Indeed it seems the FX file is okay...

I decided to try a hack and set all the normals to the value of the actual x y and z position (which for a centred sphere they also represent the smoothest possible normals)

HAgYl8W.jpg

Surprise, surprise....

Well, now I am down to the normals... I need to change them in the model loader, but what do I need to do to them? Is blender at fault for this?


In the .obj file each vertex has it's own normal so what could I possible do to them further?

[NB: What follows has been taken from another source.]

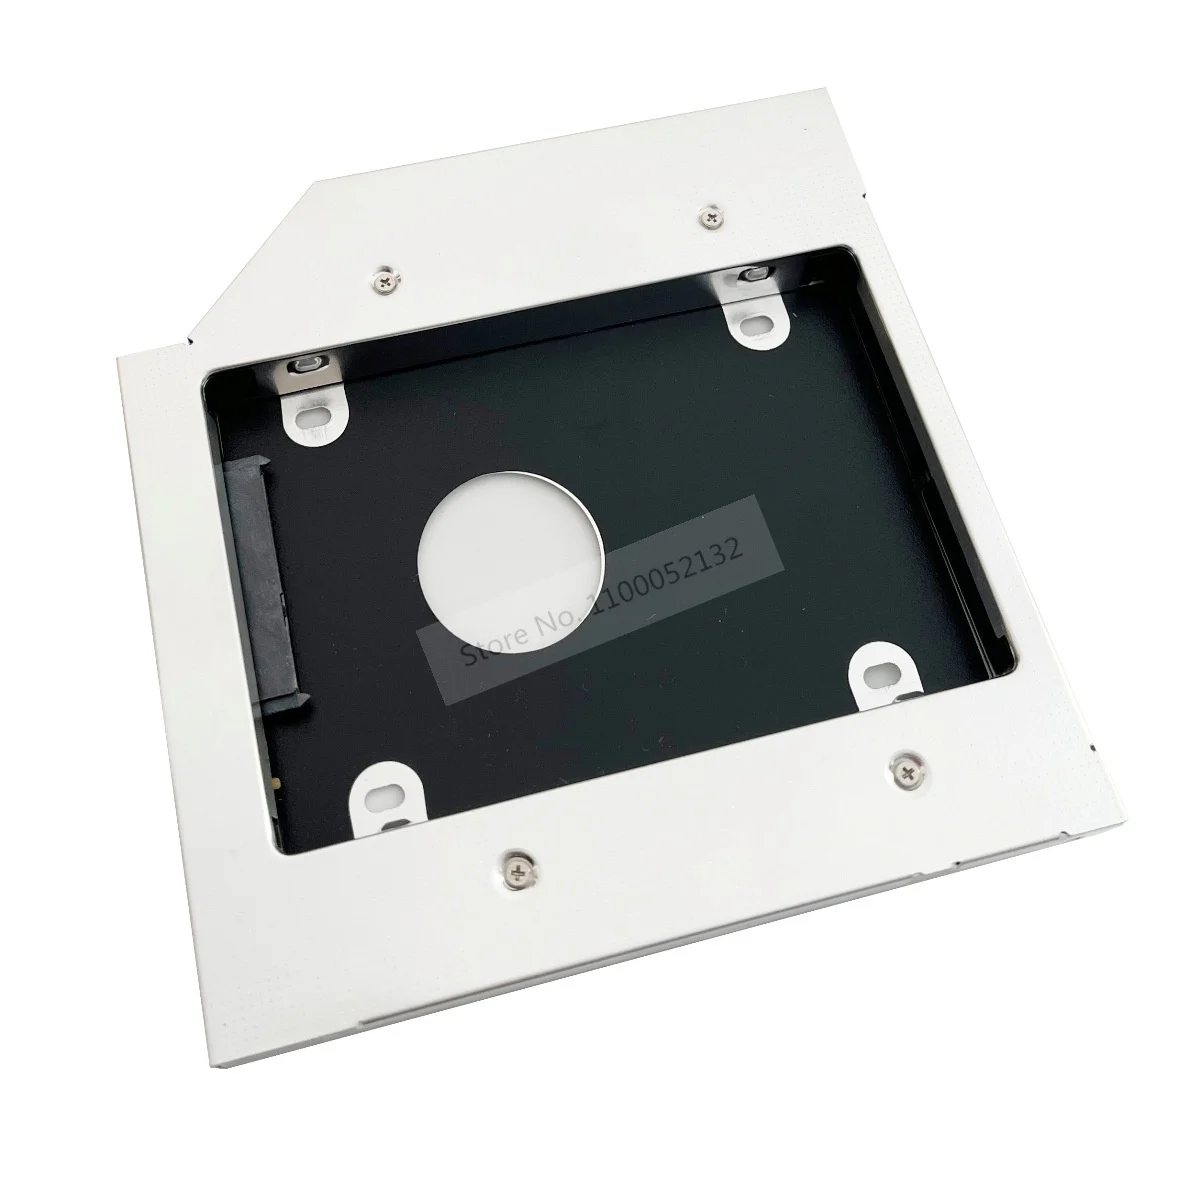 Alumínio 2ª Unidade de disco Rígido HDD SSD Caso Óptico Caddy SATA para Fujitsu Lifebook E751 S751 E752 E780 E781 E782 T900 T901 S780 S710 Imagem 4

Also, tried your suggestion (previous 'broken' normals as RGB). I'm not sure on how to interpret this (what should I be looking for?)

knXf5iM.jpg

The banding in the image tells you the normals aren't completely smooth, there should be no banding other then that of the monitor on a sphere, loook at the arrows in the linked image those ridges shouldn't be there. Anyway for any sphere in space the easiest way to calculate the normal is the direction from the center point of the sphere to the vertex itself and then normalise that vector.

Also when rendering out normals red means the normal is directed mostly in the x-axis, green is y-axis and blue is z-axis, so if there are bands in that or extreme color shifts you know that the normal over that surface isn't smooth. These normals seem mostly smooth with some edges in it.

As a side note rendering out uv's should give you gradients from black to green, black to red, and then to yellow.

Worked on titles: CMR:DiRT2, DiRT 3, DiRT: Showdown, GRID 2, theHunter, theHunter: Primal, Mad Max, Watch Dogs: Legion

The banding in the image tells you the normals aren't completely smooth, there should be no banding other then that of the monitor on a sphere, loook at the arrows in the linked image those ridges shouldn't be there. Anyway for any sphere in space the easiest way to calculate the normal is the direction from the center point of the sphere to the vertex itself and then normalise that vector.

Also when rendering out normals red means the normal is directed mostly in the x-axis, green is y-axis and blue is z-axis, so if there are bands in that or extreme color shifts you know that the normal over that surface isn't smooth. These normals seem mostly smooth with some edges in it.

As a side note rendering out uv's should give you gradients from black to green, black to red, and then to yellow.

Thanks for the answer, so does that mean that the normals from Blender are not correct? Is there a way to fix that somehow?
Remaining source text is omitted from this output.